Another indirect way to activate Ras after GPCR stimulation is via the Gqα-PLCβ pathway and activation of Pyk2 (31), which is independent of Gβγ (10, 24). Pyk2 is activated by increased intracellular Ca2+ and then phosphorylates SHC. The resulting SHC-Grb2-Sos1 complex stimulates Ras activation (31). Thus, all of these mechanisms for GPCR-induced Ras/ERK activation are indirect, through the released Gβγ or Gqα and cross talk to tyrosine kinases such as c-Src.

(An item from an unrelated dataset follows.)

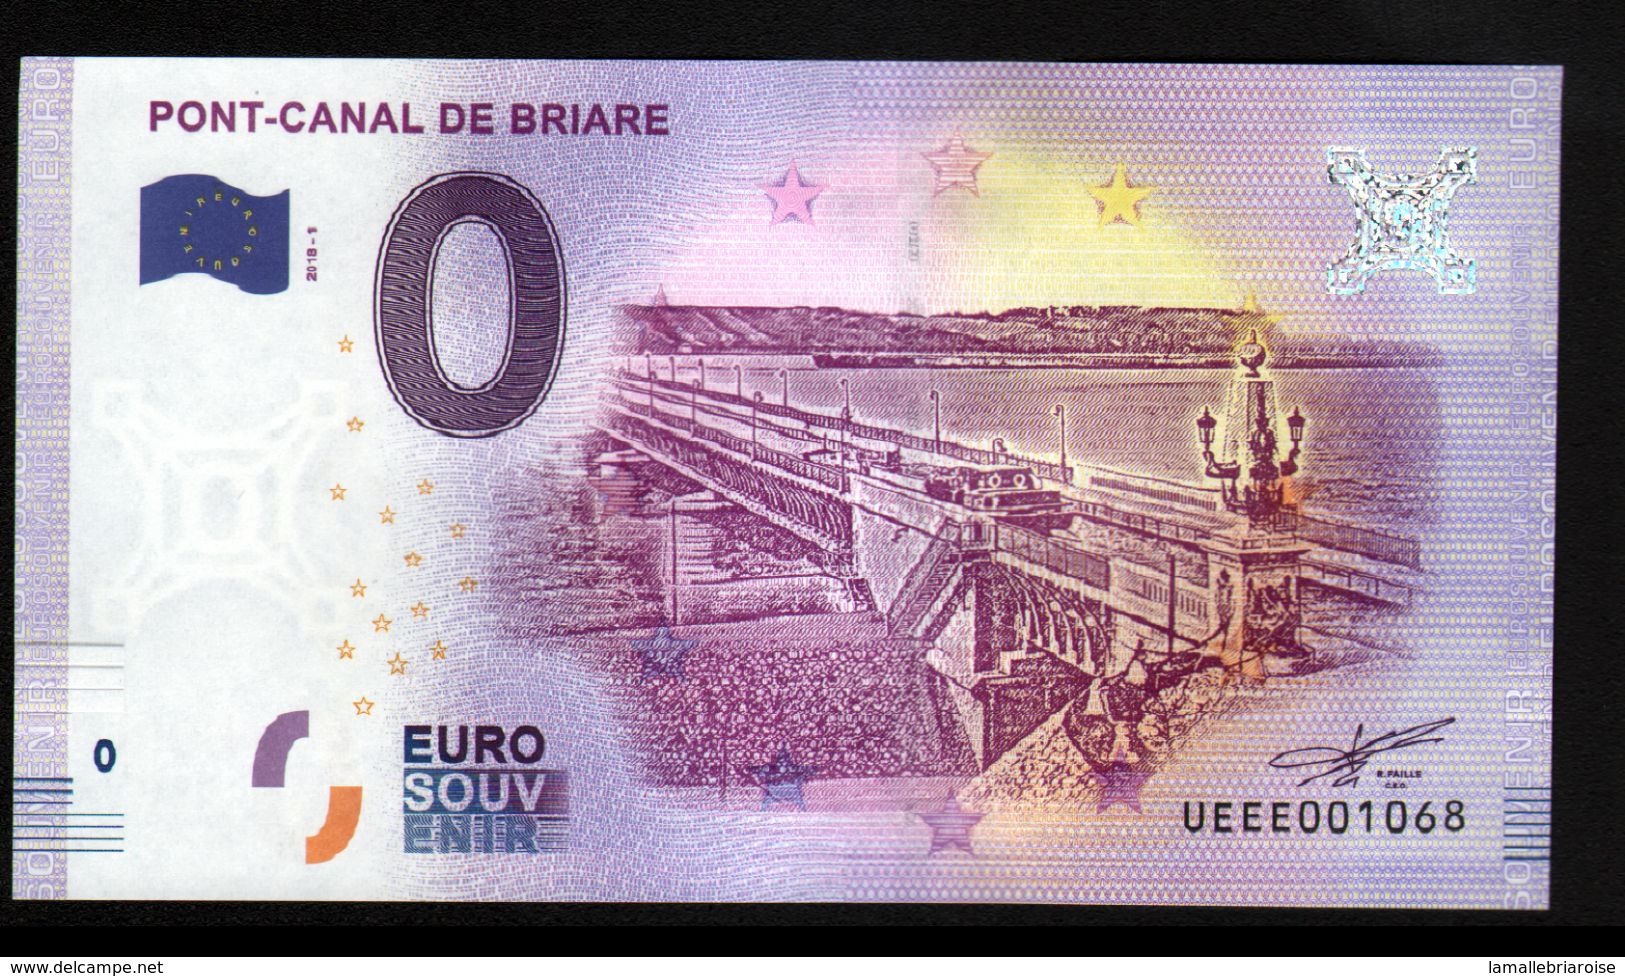 France - Billet Touristique 0 Euro 2018 N°1068 (UEEE001068/5000) - PONT-CANAL DE BRIARE - Prove Private
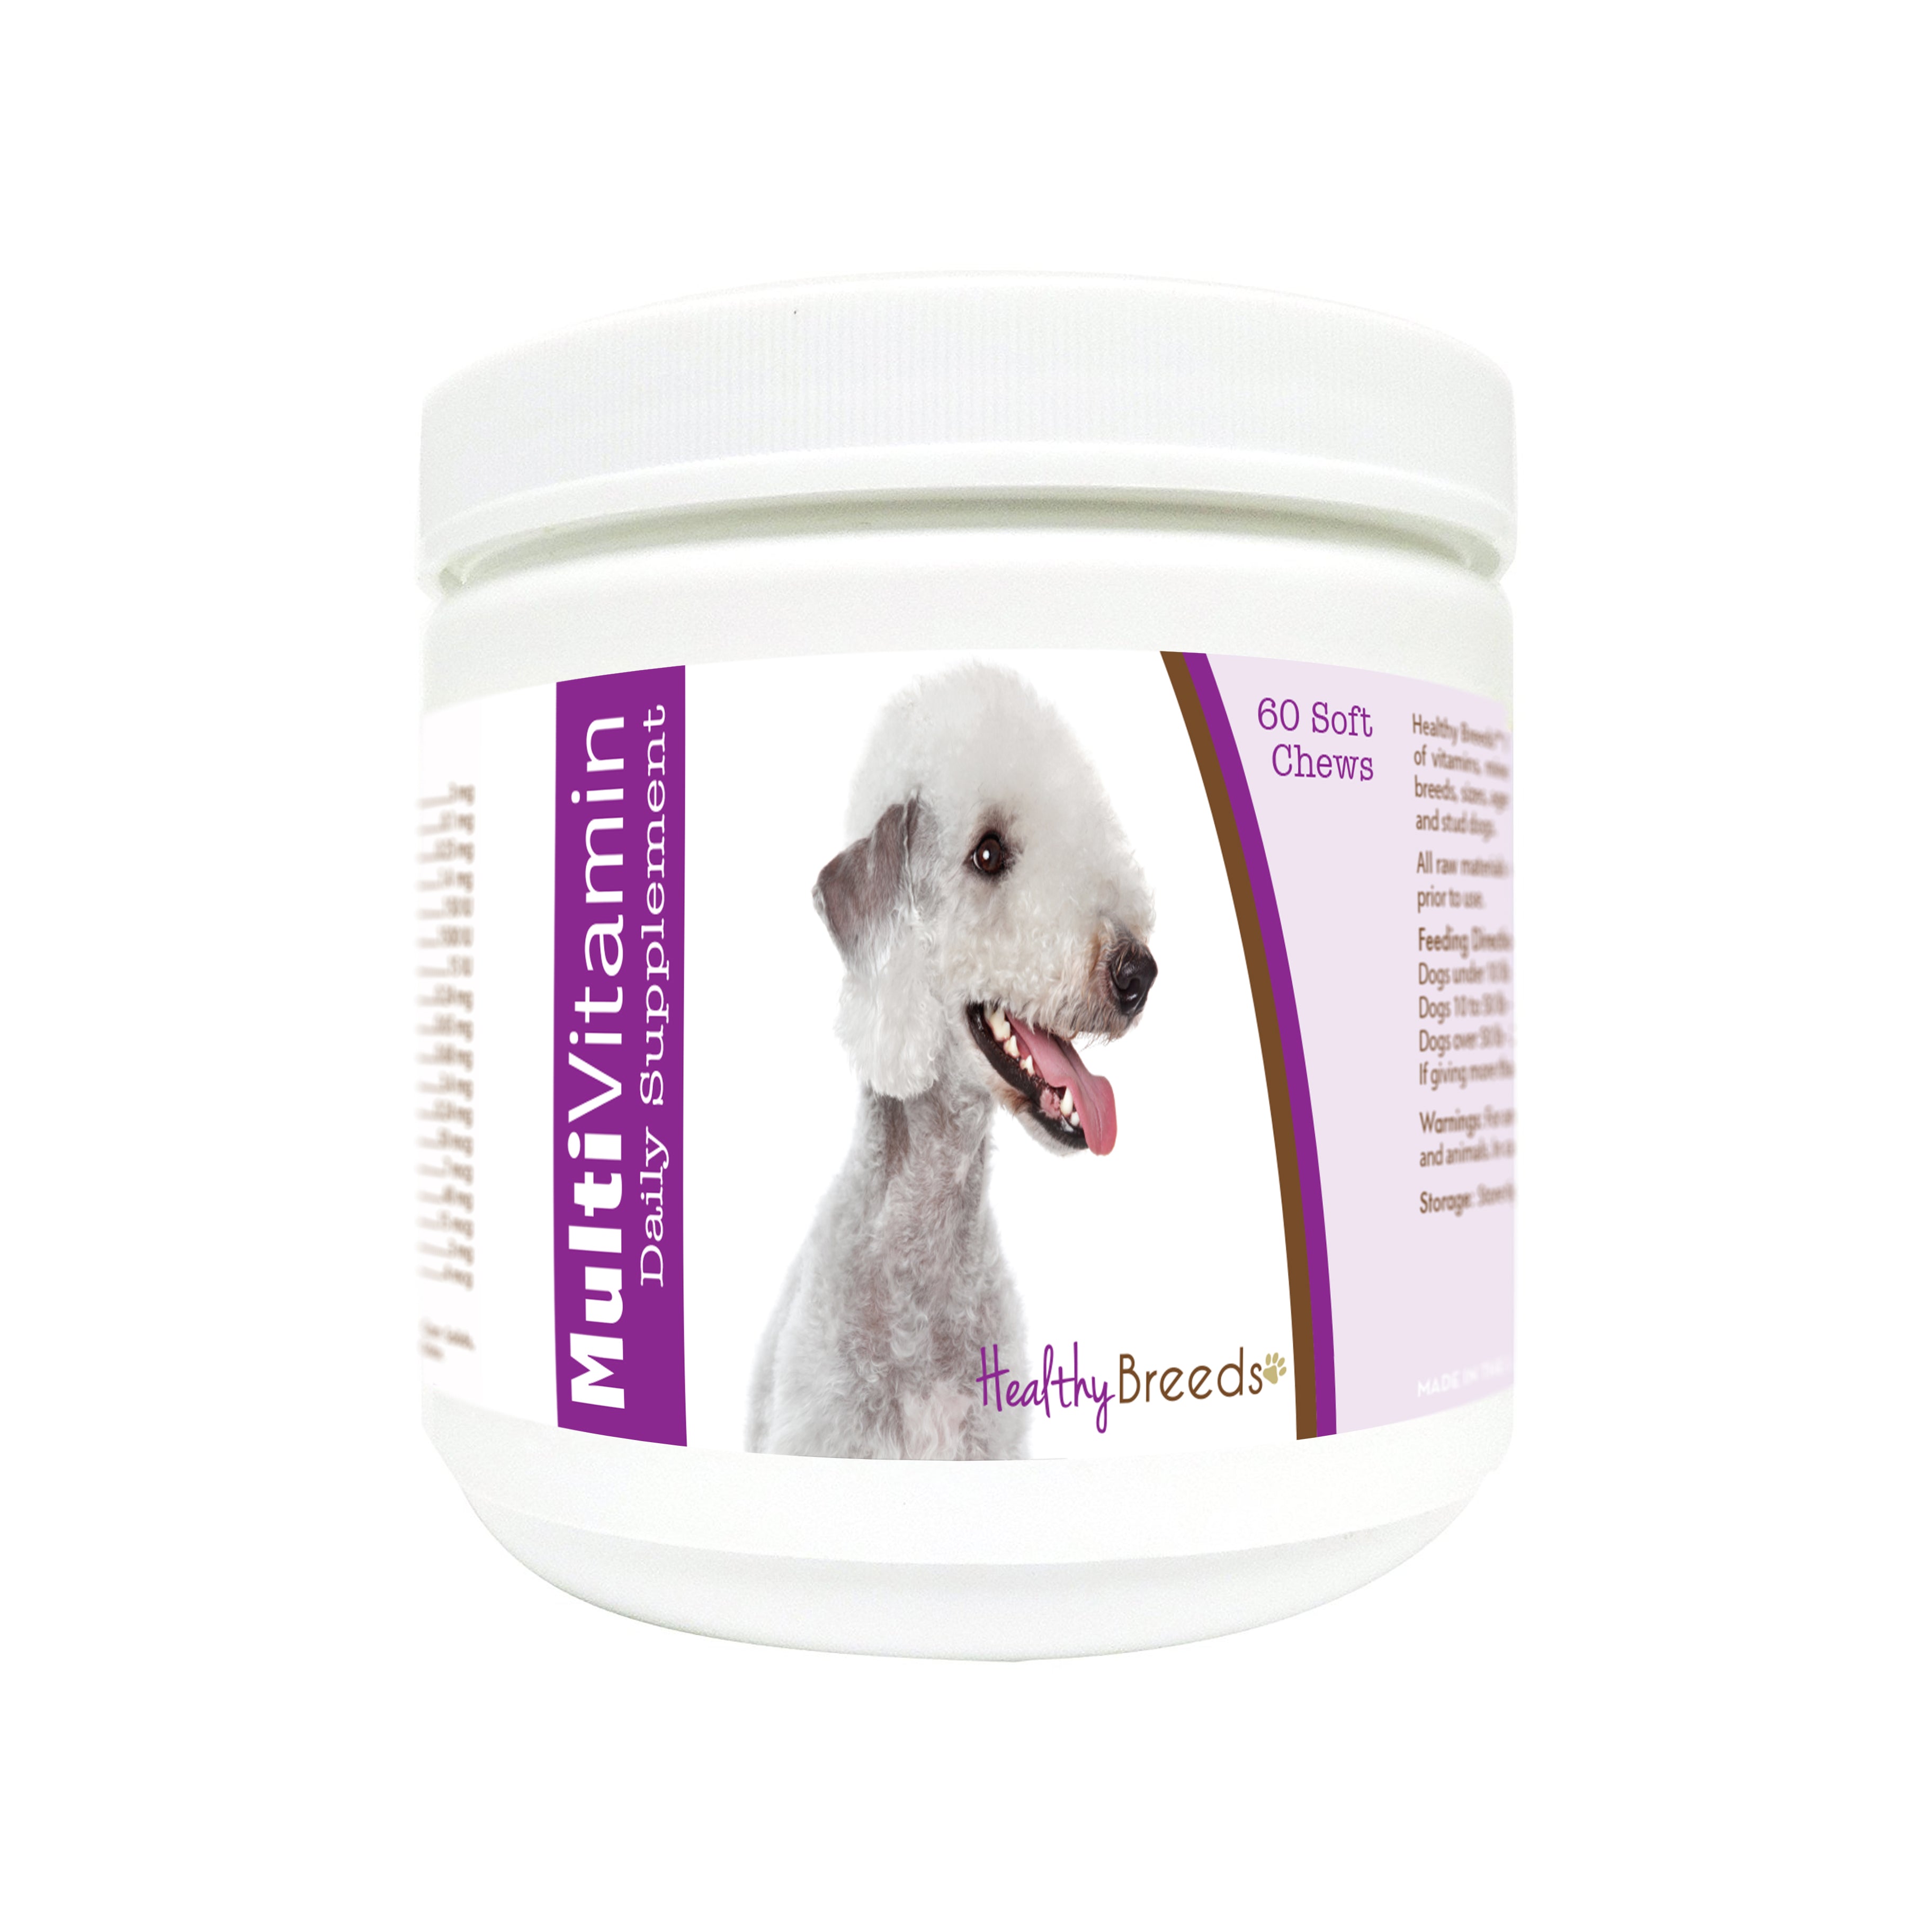 Bedlington Terrier Multi-Vitamin Soft Chews 60 Count

The activation of ERK by cyclic AMP (cAMP) has been reported in a limited number of cell types, including PC12 (20, 52) and B16 melanoma cells (4, 18). In PC12 cell, increased intracellular cAMP activates protein kinase A (PKA), which subsequently phosphorylates Rap-1, which in turn activates B-Raf, leading to Erk activation (52). As in PC12 cells, cAMP also induces ERK activation in B16 melanocytes. However, this activation is dependent on Ras and independent of PKA, Epac/Rap-1, or Sos (4). This cAMP-dependent but PKA-independent Ras activation has been also reported in neuronal cells and cardiac cells (1, 41), but the mechanisms involved are unknown. Thus, these studies suggest the existence of a novel cAMP-dependent Ras activation pathway in these cells.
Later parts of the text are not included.